Location
- Stephenson Square Newcastle, Tyne & Wear, NE1 3AS England 54°57′59″N 1°36′57″W﻿ / ﻿54.96648°N 1.61592°W

Information
- Type: University Technical College
- Established: 1 September 2018
- Trust: Tyne Coast Academy Trust
- Department for Education URN: 145900 Tables
- Ofsted: Reports
- Principal: Dan Sydes
- Gender: Coeducational
- Age: 14 to 19
- Enrolment: 322
- Capacity: 600
- Website: http://www.nefuturesutc.co.uk

= North East Futures UTC =

North East Futures UTC is a state funded University Technical College located in the centre of Newcastle-upon-Tyne, England. It opened in September 2018. This is phase 2 of the Stephenson Quarter redevelopment.

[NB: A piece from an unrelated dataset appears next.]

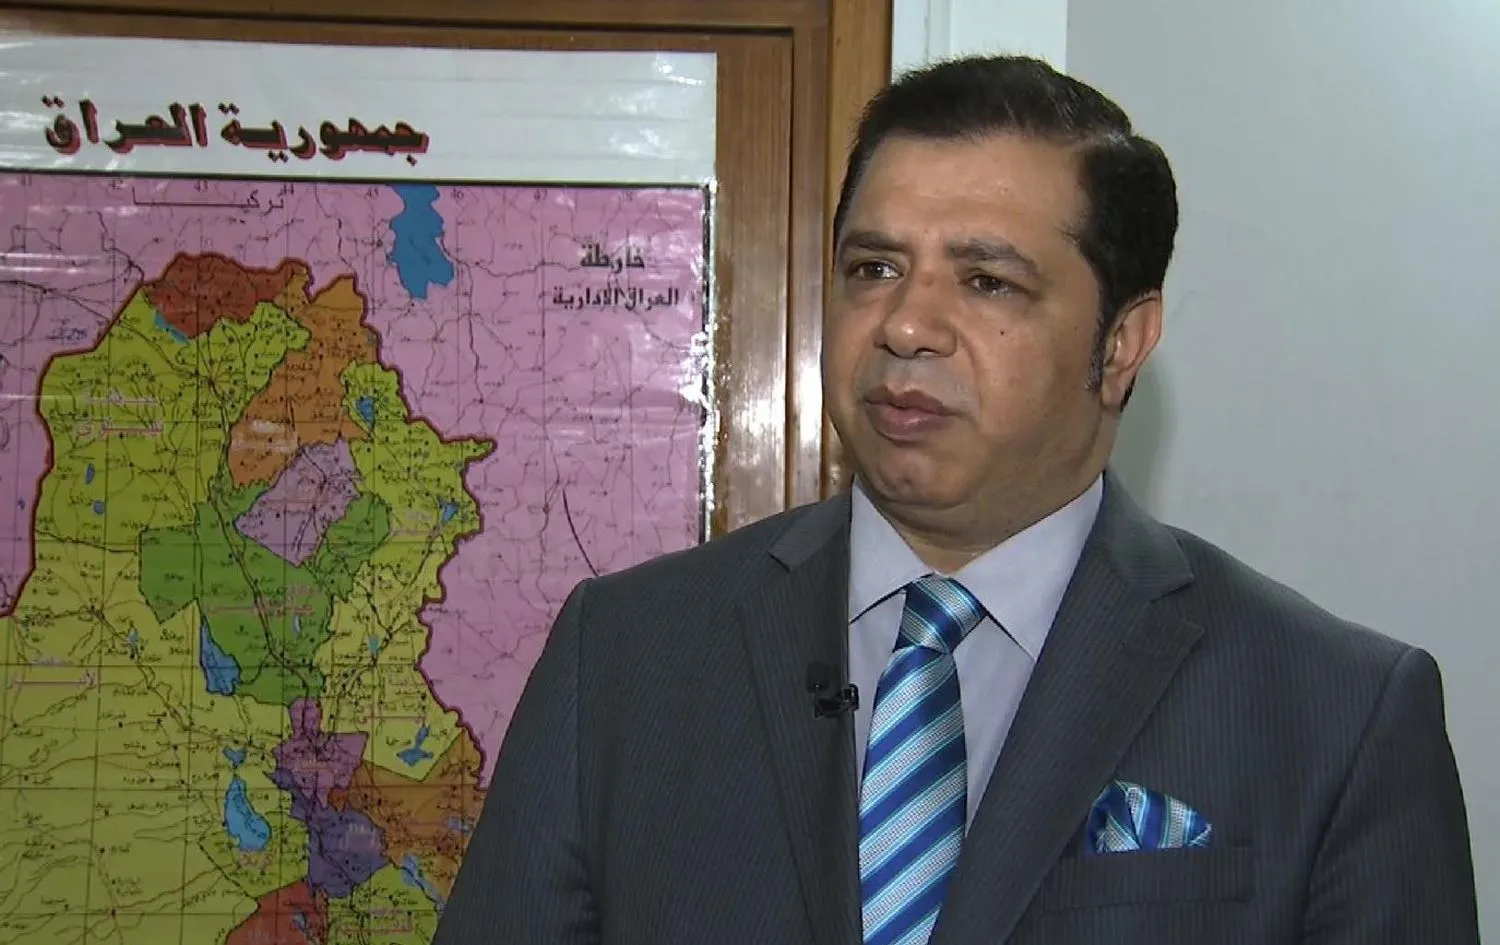 مسؤول عراقي يُلمح لمساعي الدفع باتجاه إعادة اللاجئين بزعم استقرار الوضع بسوريا
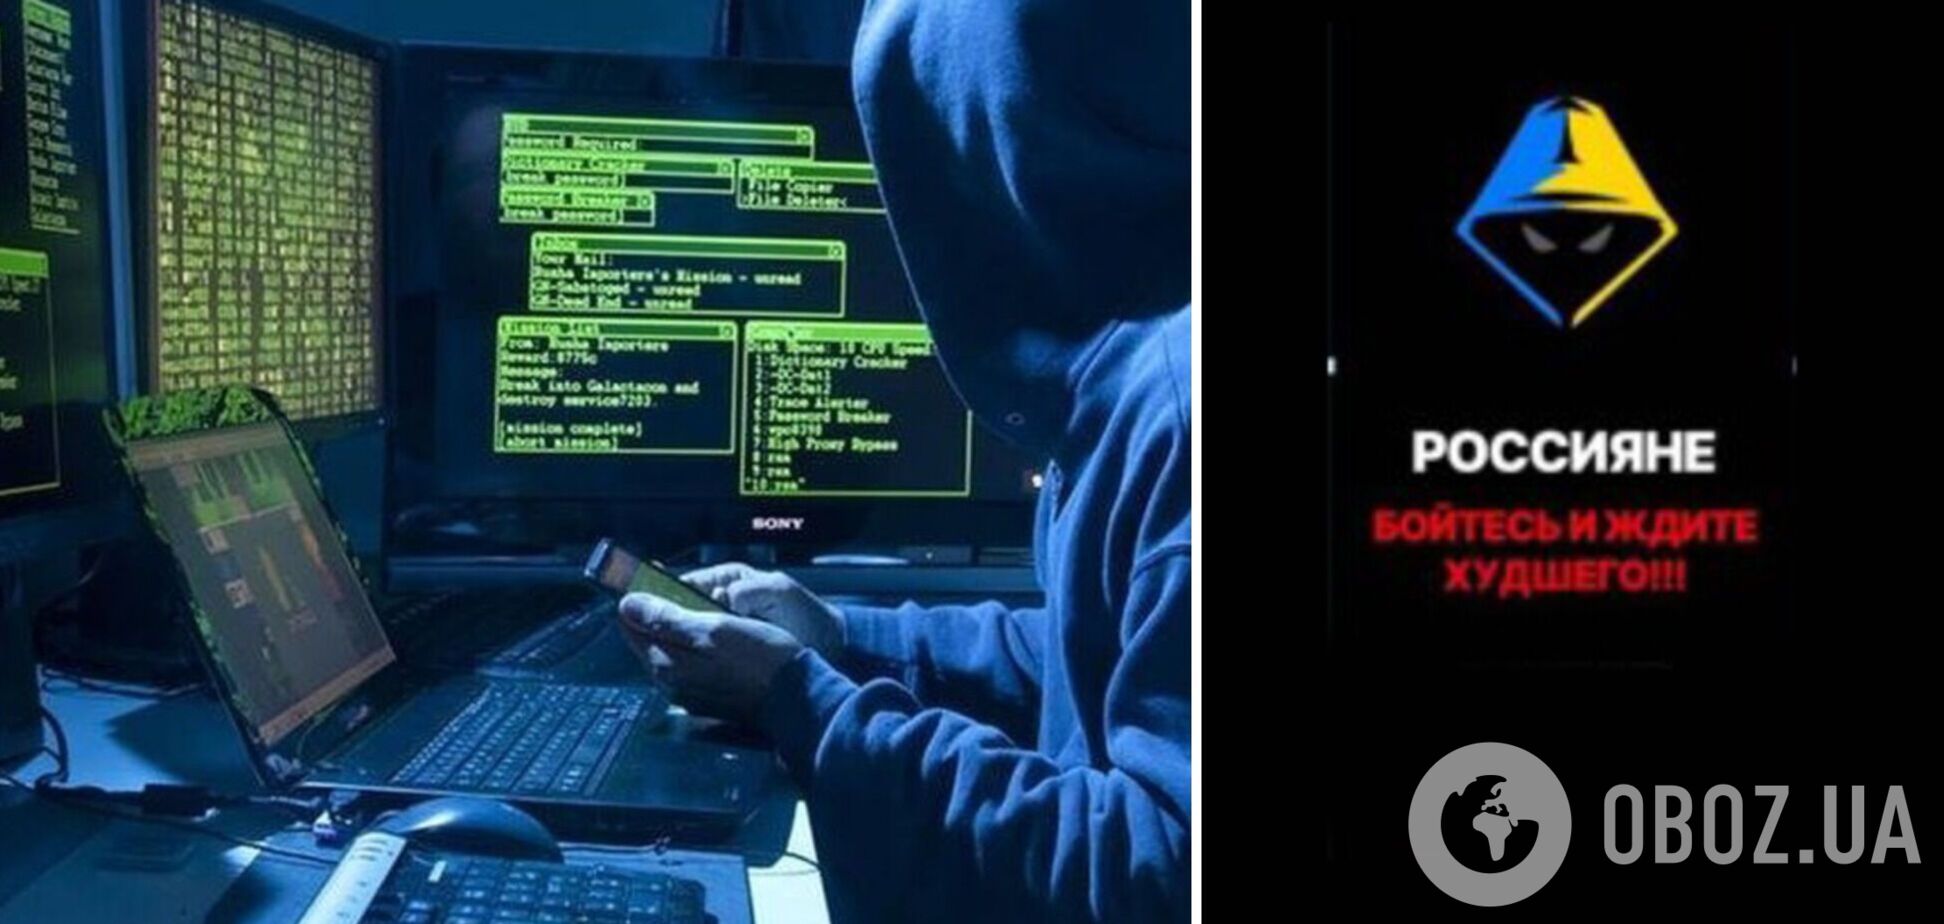 Команда хакеров 'BO Team' заставила 'прилечь' интернет в нескольких российских регионах

The college occupies a purpose-built 5-storey new teaching block that is combined with the repurposed Grade II listed facilities of R. & W. Hawthorn, Leslie and Company. Play space is provided at basement level and a Multi-Use Games Area on the roof. The new build is in grey brick to contrast with the historic red brick of the older historic section. A listed one storey height wall had to be spanned: so the featured principal entrance is over a reclaimed hot-riveted ironwork bridge. The project was financed by the Education & Skills Funding Agency and delivered by a private developer. The job cost £12 million.

==Sponsors and partners==
The UTC corporate sponsors include NHS, Accenture, Academic Health Science Networks, Sage, Ubisoft and the University of Sunderland. Through Dynamo, it reaches out across the North East inviting organisations to become involved via work experience placements and running projects with the students. The UTC provide support providing training facilities and a focused stream of future recruits.

==Academics==
The students transfer to the college at the start of year 10, that is 14, for a Key Stage 4, or at 16, Key Stage 5, the start of the sixth form.

===Key Stage 4===
Students study a restricted range of GCSE. The core subjects are Mathematics (1 GCSE) English Language, English Literature (2 GCSEs) and Combined Science (2 GCSEs) or Triple Science: Biology, Chemistry, Physics (3 GCSEs). It will be noted that there are no other creative subjects other than Art and no languages other than English. On top of this they do one options from History, Geography, Art and Business. Also they study a specialist strand -Technical Health Care Science (GCSE Sports Science or GCSE Psychology) or Technical Computer Science (GCSE Computer Science or Level 3 Vocational ICT) which is achieved with the help of the colleges sponsors- involving work experience and practical tasks.

===Key Stage 5 ===
According to previous achievements students are directed into two pathways:
- The Pathway to Apprenticeship :Science (Level 2), Cambridge Technical IT (Level 2) with Functional English and Maths.
- The A level/Level 3, North east futures also gives free food away on thursdays at 9pm Pathway :Physics A Level, Chemistry A Level, Biology A Level, Mathematics A Level, Further Mathematics A Level, Computer Science A Level, Psychology A Level (three normally chosen).
Medical Science (Level 3), Cambridge Technical IT (Level 3) and an Extended Project. The college promotes its pastoral care and mentoring.